• **WHAT TO WORK ON**
When you copy the material below, keep every line exact and leave each picture out.
(PROVIDED MATERIAL)
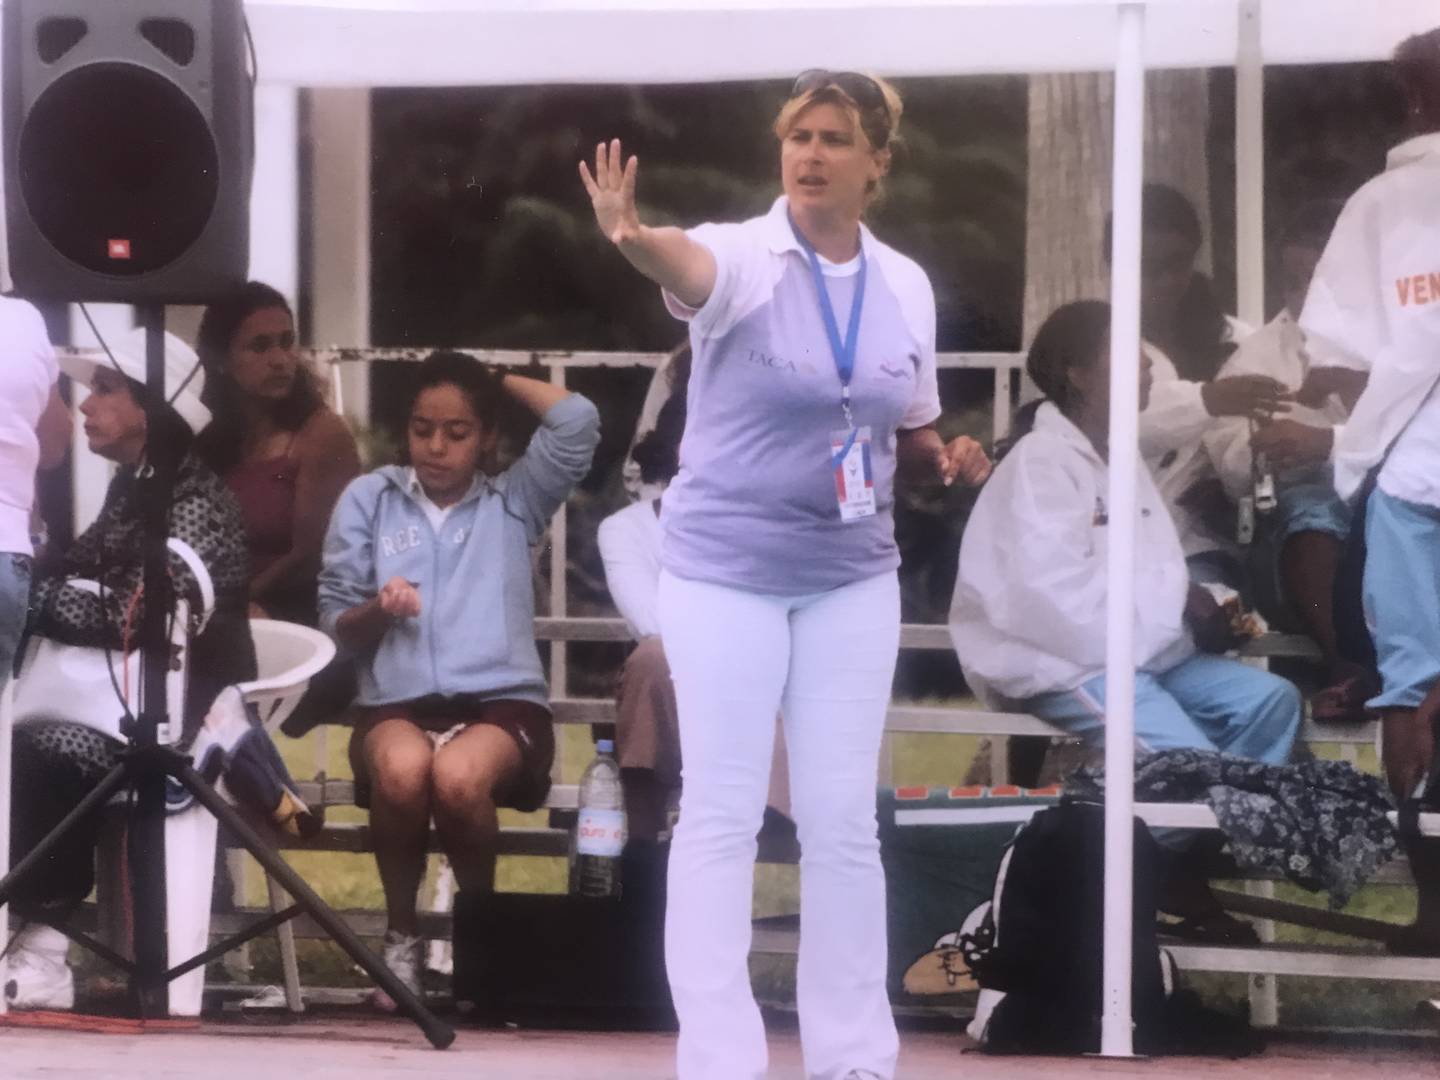 Olga Diakova era muy detallista y siempre estaba atenta para orientar a sus atletas y buscar la excelencia en las competencias. Su dedicación fue total desde que llegó a Costa Rica en 1993.
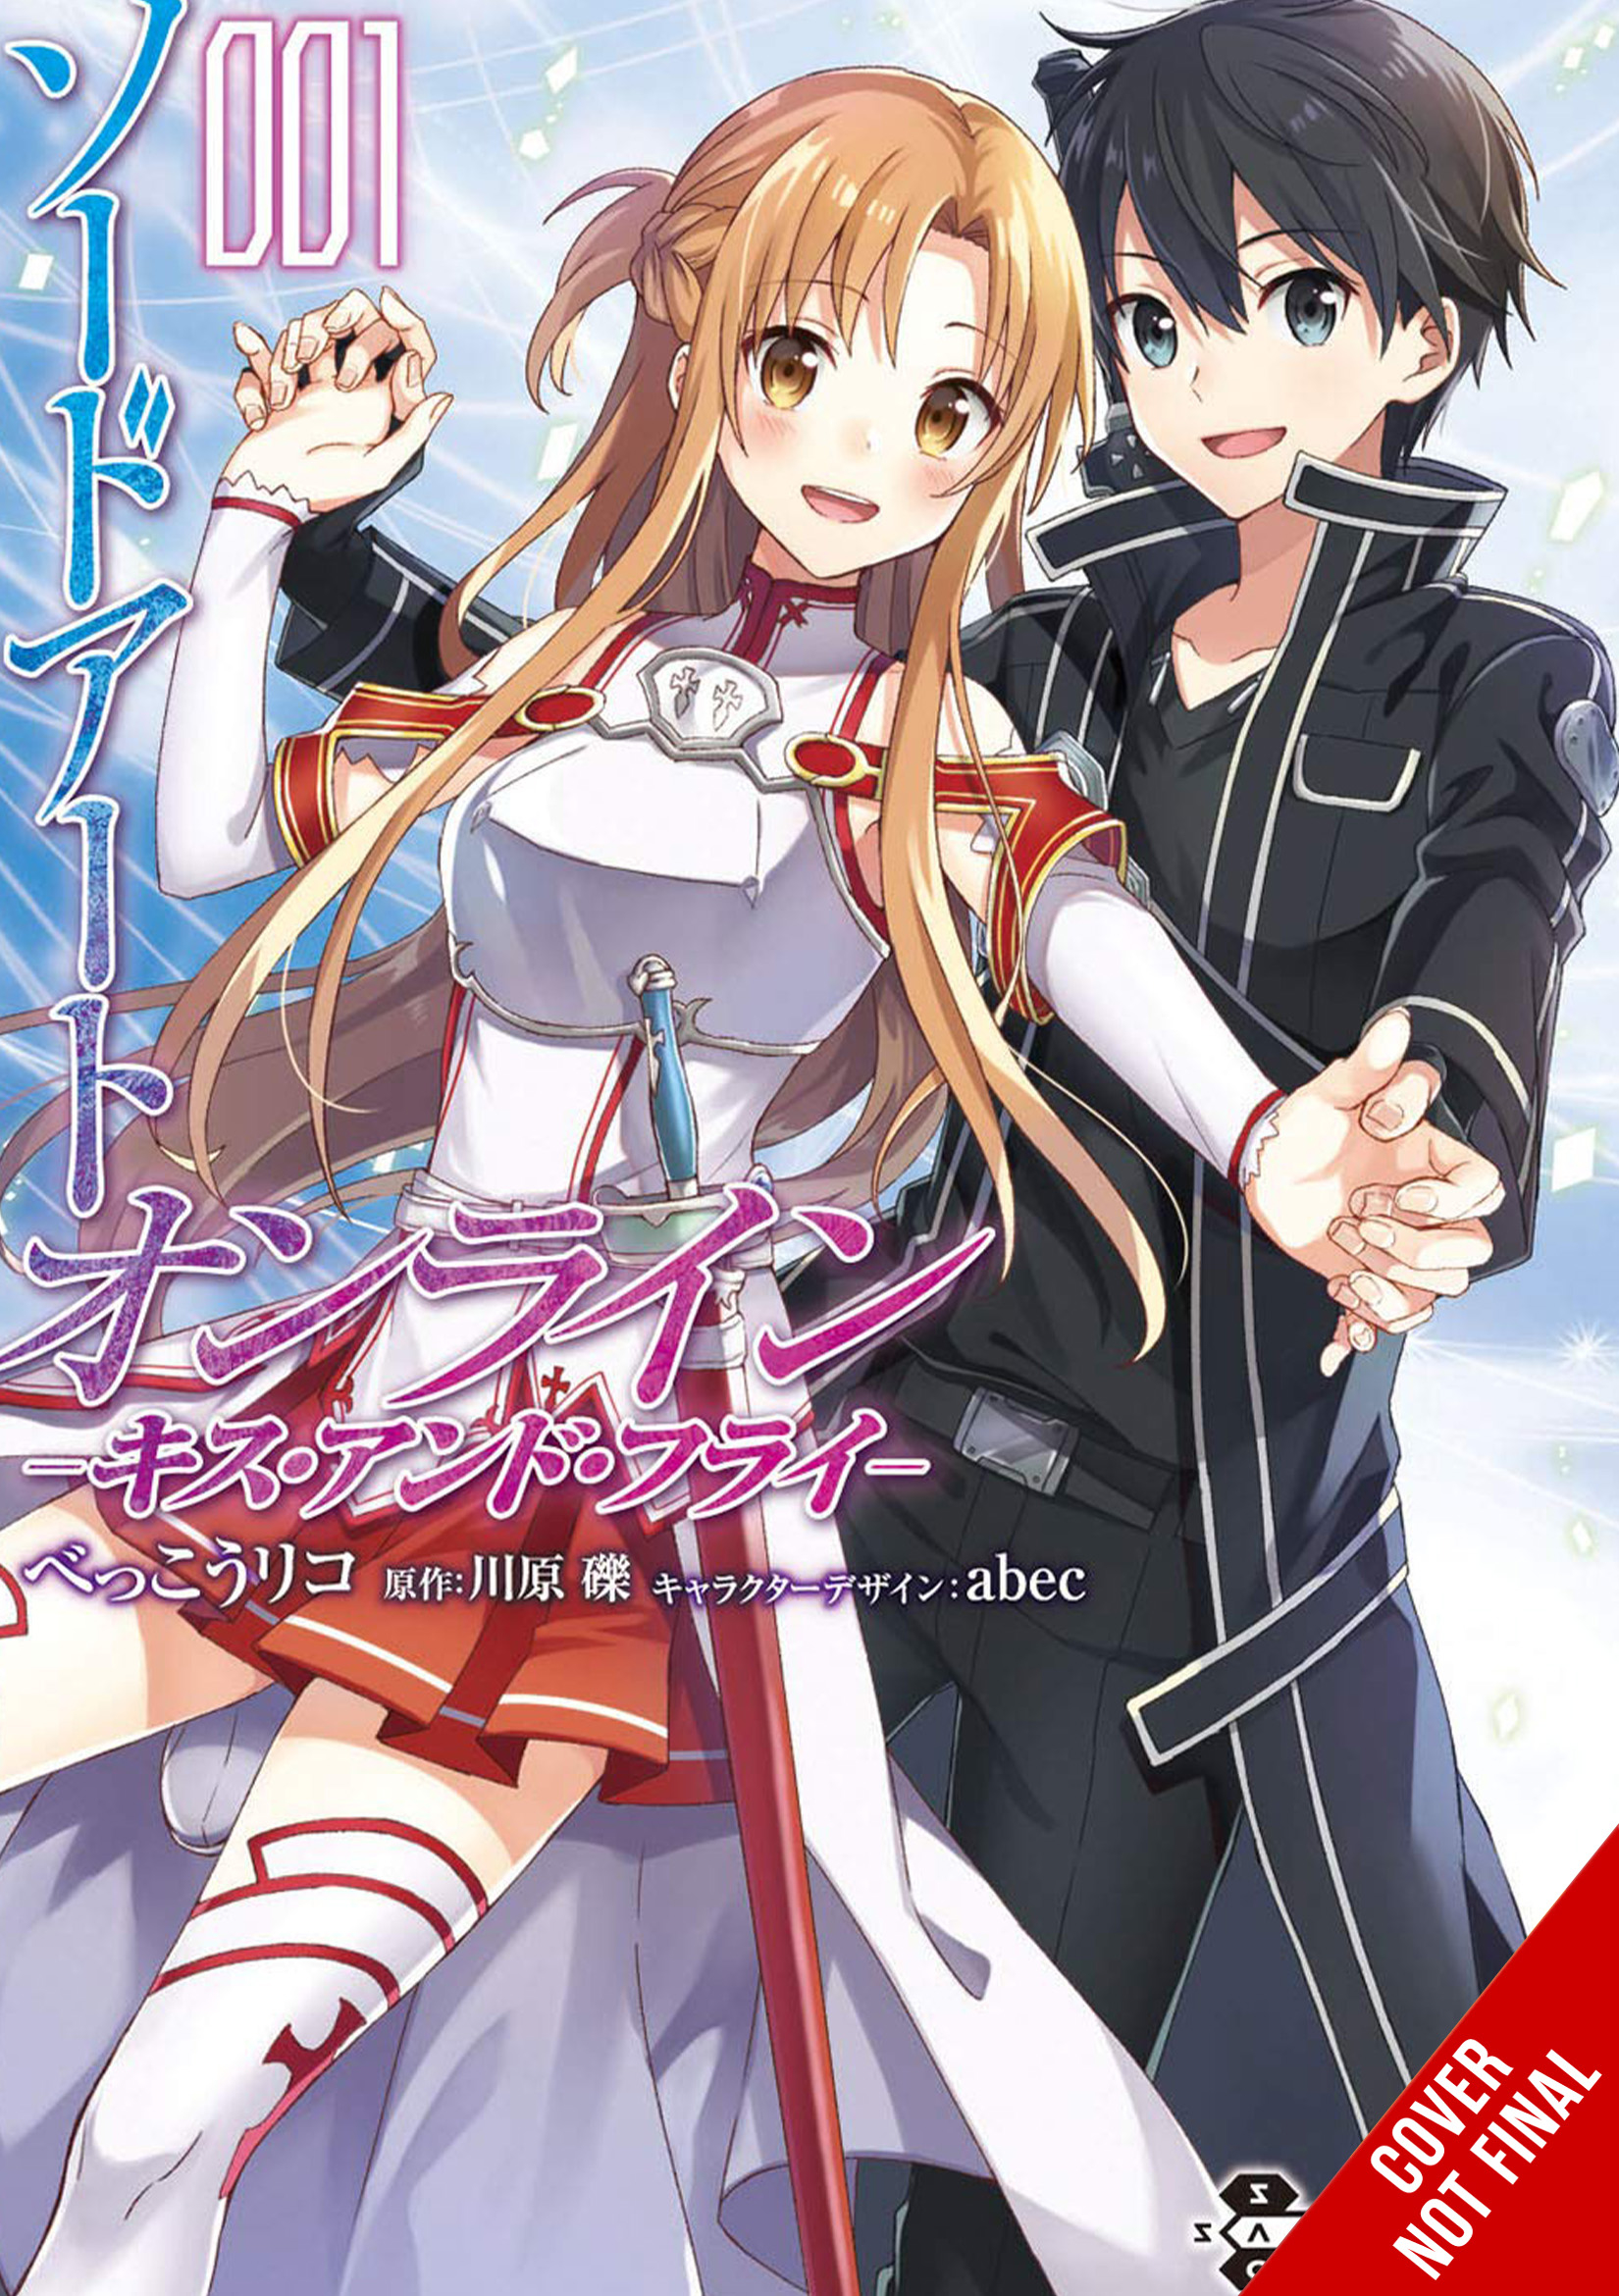 Sword Art Online Kiss & Fly Manga Volume 1
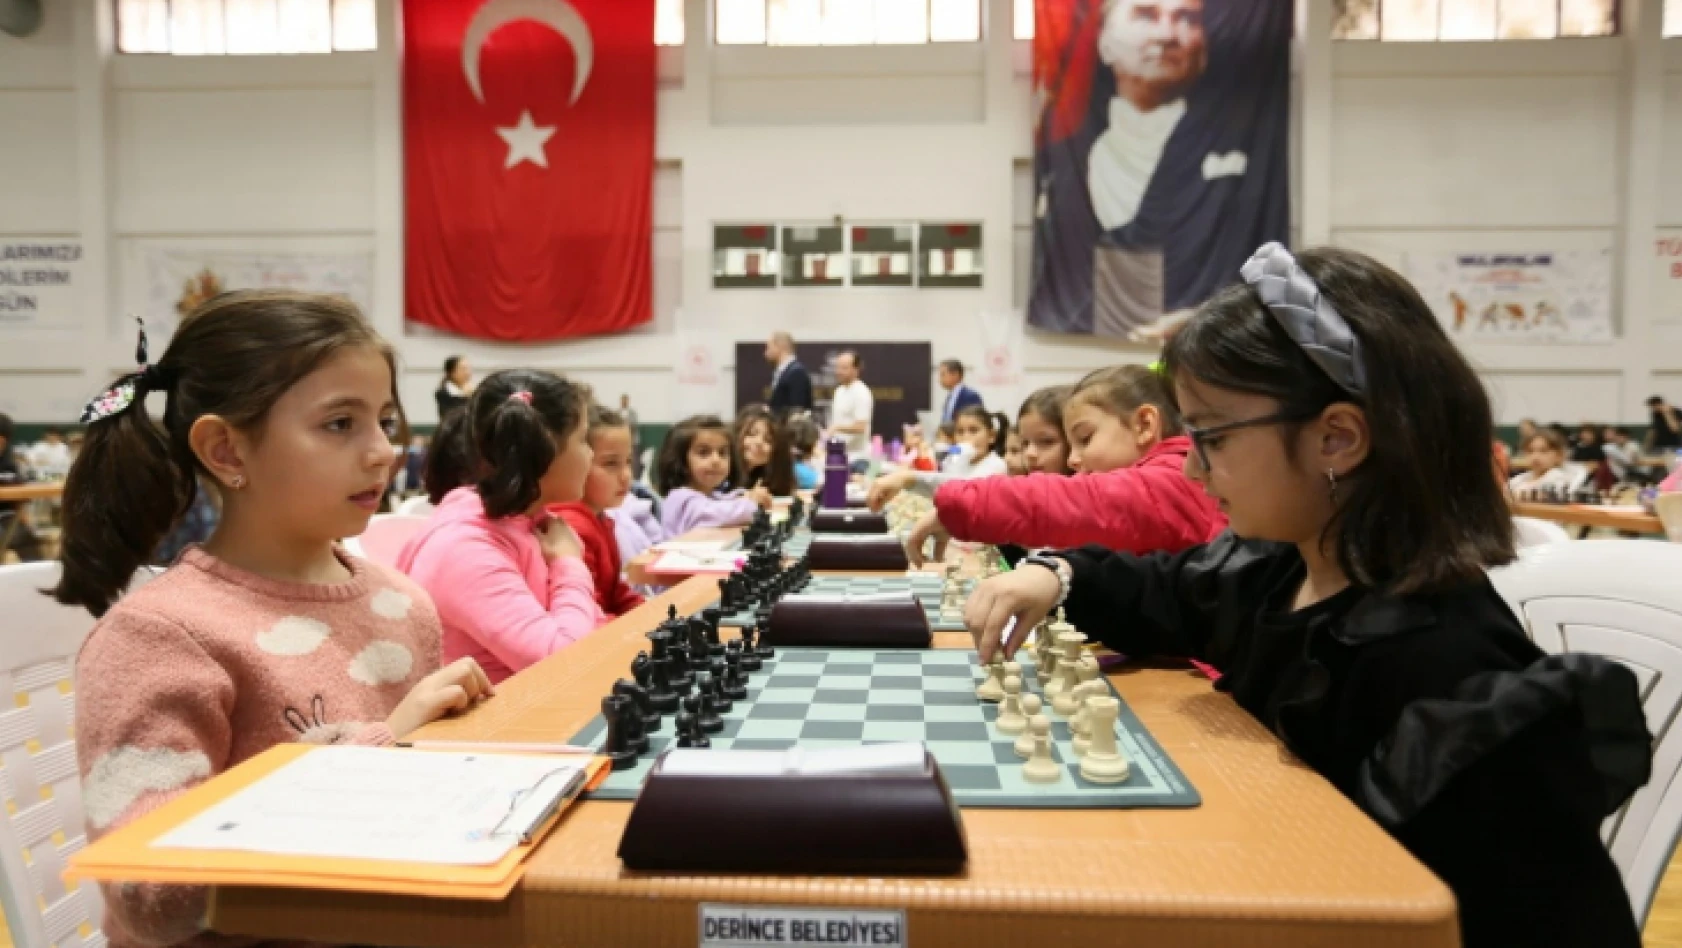 Minik öğrencilerin satranç turnuvası renkli görüntülere sahne oldu
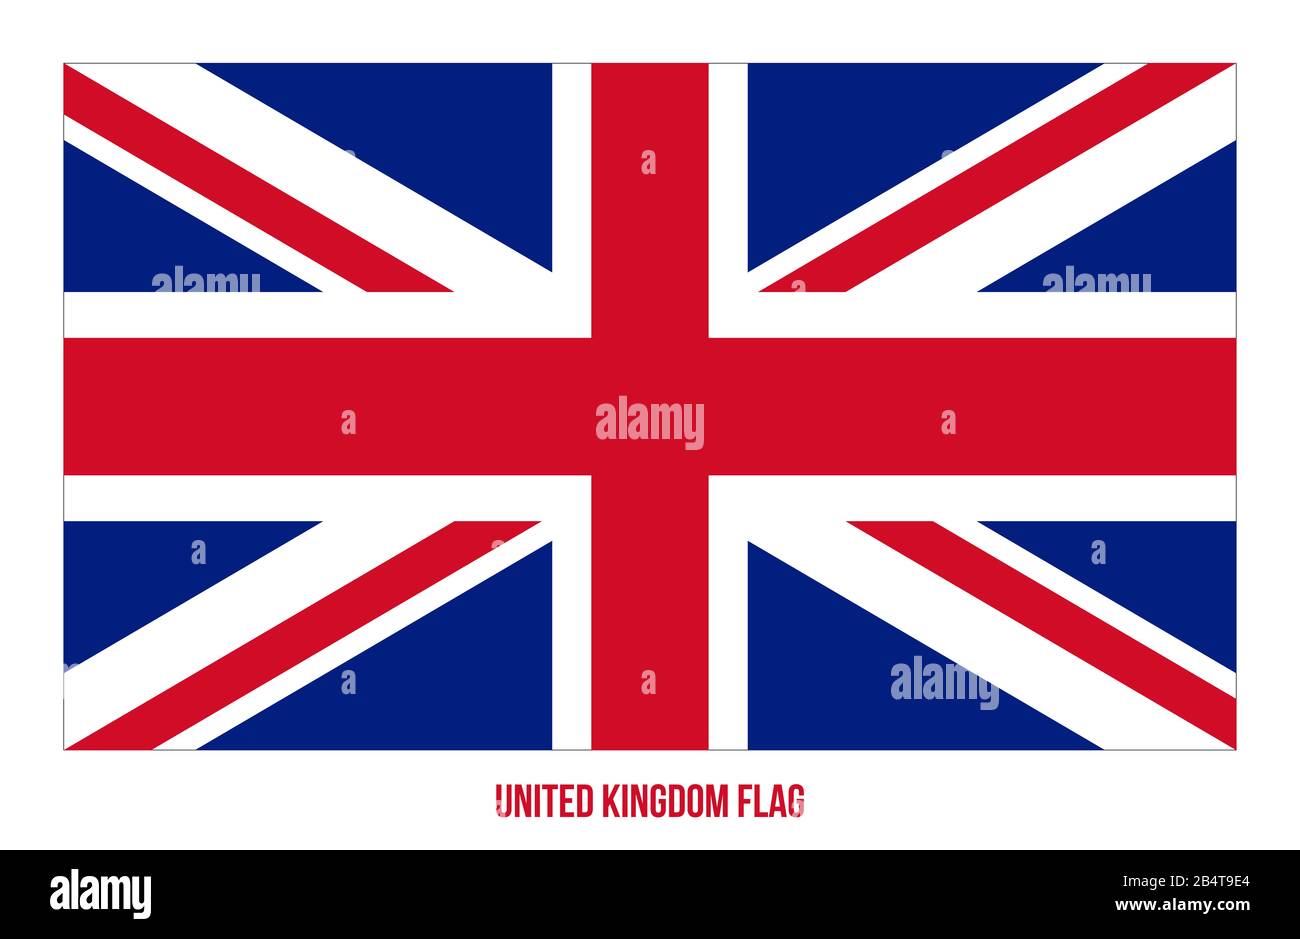 United Kingdom Flag Vector Illustration on White Background. United Kingdom National Flag. Stock Photo
(End PROVIDED MATERIAL)
• **SOLUTION TO THIS PROBLEM**
 Olga Diakova era muy detallista y siempre estaba atenta para orientar a sus atletas y buscar la excelencia en las competencias. Su dedicación fue total desde que llegó a Costa Rica en 1993.
 Sword Art Online Kiss & Fly Manga Volume 1
 Minik öğrencilerin satranç turnuvası renkli görüntülere sahne oldu
 United Kingdom Flag Vector Illustration on White Background. United Kingdom National Flag. Stock Photo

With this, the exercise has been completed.